New Authoritative Accounting Guidance
ASU No. 2025-09, “Derivatives and Hedging (Topic 815): Hedge Accounting Improvements,” amends the existing requirement that cash flow hedges of groups of individual forecasted transactions that use a single derivative as the hedging instrument share the same risk exposure. Instead, the new guidance requires such groups to have a similar risk exposure. Additionally, ASU No. 2025-09 clarifies that the quantitative threshold for determining similar risk exposure aligns with the highly effective threshold used in assessing hedge effectiveness. ASU No. 2025-09 is effective for interim and annual reporting periods beginning after December 15, 2026 with early adoption permitted. The amendments should be applied prospectively to all hedging relationships beginning on or after the date of adoption. ASU No. 2025-09 is currently not expected to have a significant impact on Valley’s consolidated financial statements.
ASU No. 2025-08, “Financial Instruments - Credit Losses (Topic 326): Purchased Loans,” amends the guidance in ASC 326 on the accounting for certain purchased loans. Under the ASU No. 2025-8, entities must account for acquired loans that meet certain criteria of “purchased seasoned loans” at acquisition by recognizing them at their purchase price plus an allowance for expected credit losses (gross-up approach). The intent of amendments is to align the accounting for purchased seasoned loans with the current accounting guidance under ASC 326 for PCD assets. ASU No. 2025-08 is effective for interim and annual reporting periods beginning after December 15, 2026 with early adoption permitted. The amendments must be applied
prospectively. ASU No. 2025-08 is currently not expected to have a significant impact on Valley's consolidated financial statements.

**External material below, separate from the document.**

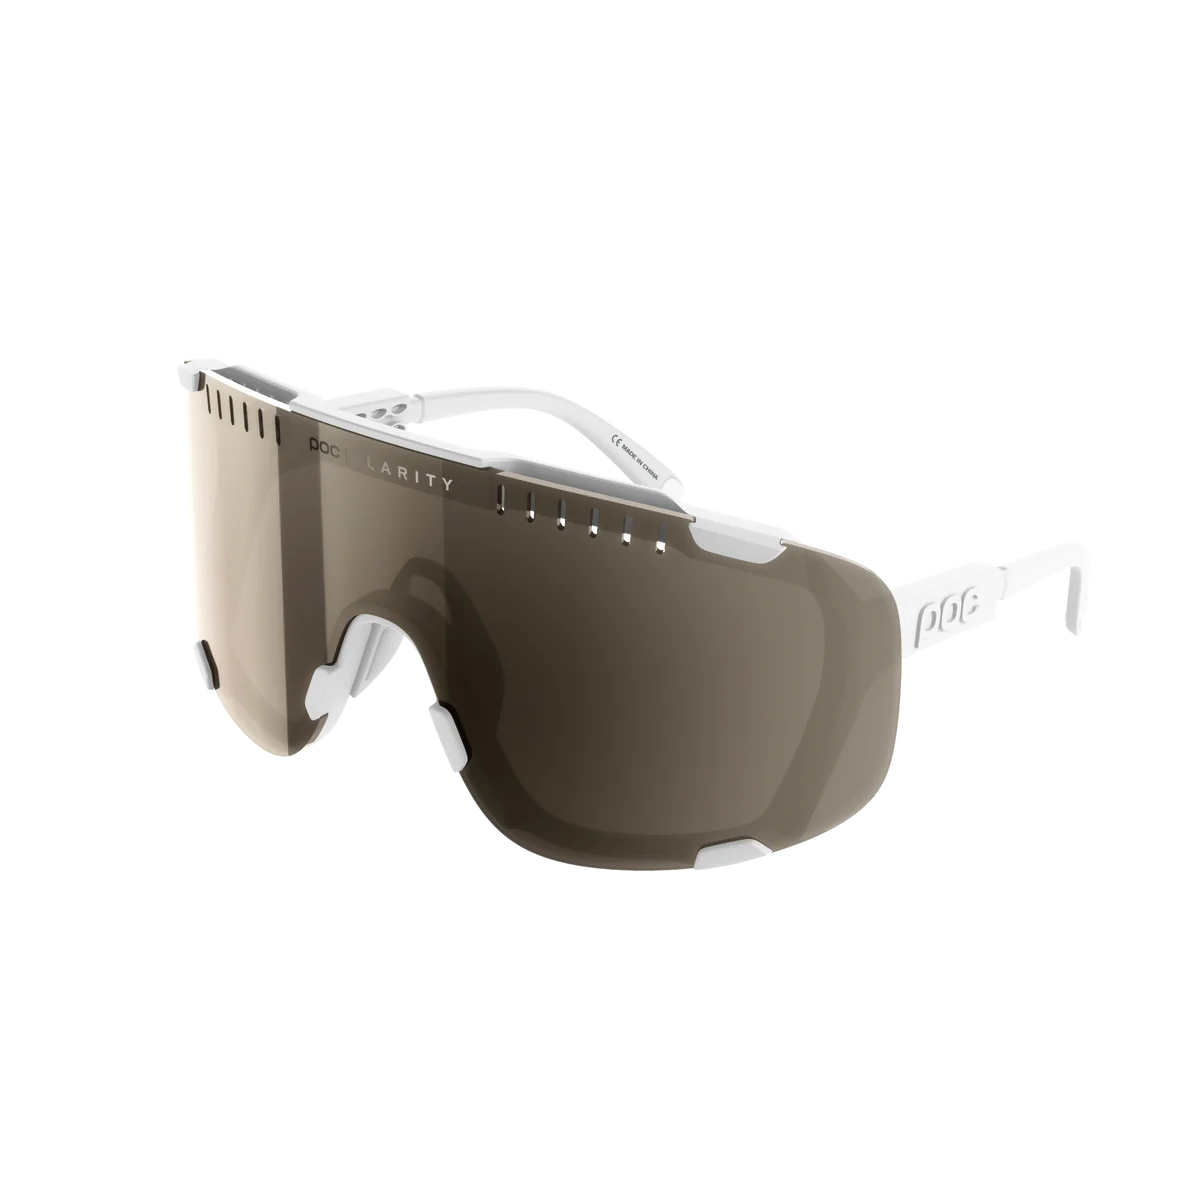 POC Devour - Hydrogen White cykelbrille

ASU No. 2025-06, "Intangibles - Goodwill and Other - Internal-Use Software (Subtopic 350-40): "Targeted Improvements to the Accounting for Internal-Use Software" clarifies and modernizes the accounting for costs related to internal-use software. The new guidance clarifies the threshold entities apply to begin capitalizing costs and removes all references to project stages in ASC Subtopic 350-40. ASU No. 2025-06 is effective for all entities for fiscal years beginning after December 15, 2027, and interim periods within those fiscal years. The new guidance may be applied using a prospective, retrospective or modified transition approach with early adoption permitted. Valley is currently evaluating the impact of ASU No. 2025-06 on its consolidated financial statements.
ASU No. 2024-03, "Income Statement - Reporting Comprehensive Income Expense Disaggregation Disclosures (Subtopic 220-40): Disaggregation of Income Statement Expenses," requires disaggregation of certain expense captions into specified categories in disclosures within the footnotes to the financial statements. ASU No. 2024-03 does not change the expense captions an entity presents on the face of the income statement. ASU No. 2024-03 can be applied prospectively, and it is effective for annual periods beginning after December 15, 2026, and interim periods within fiscal years beginning after December 15, 2027. Early adoption and retrospective application are permitted. Valley is currently evaluating the impact of ASU No. 2024-03 on its consolidated financial statements disclosures.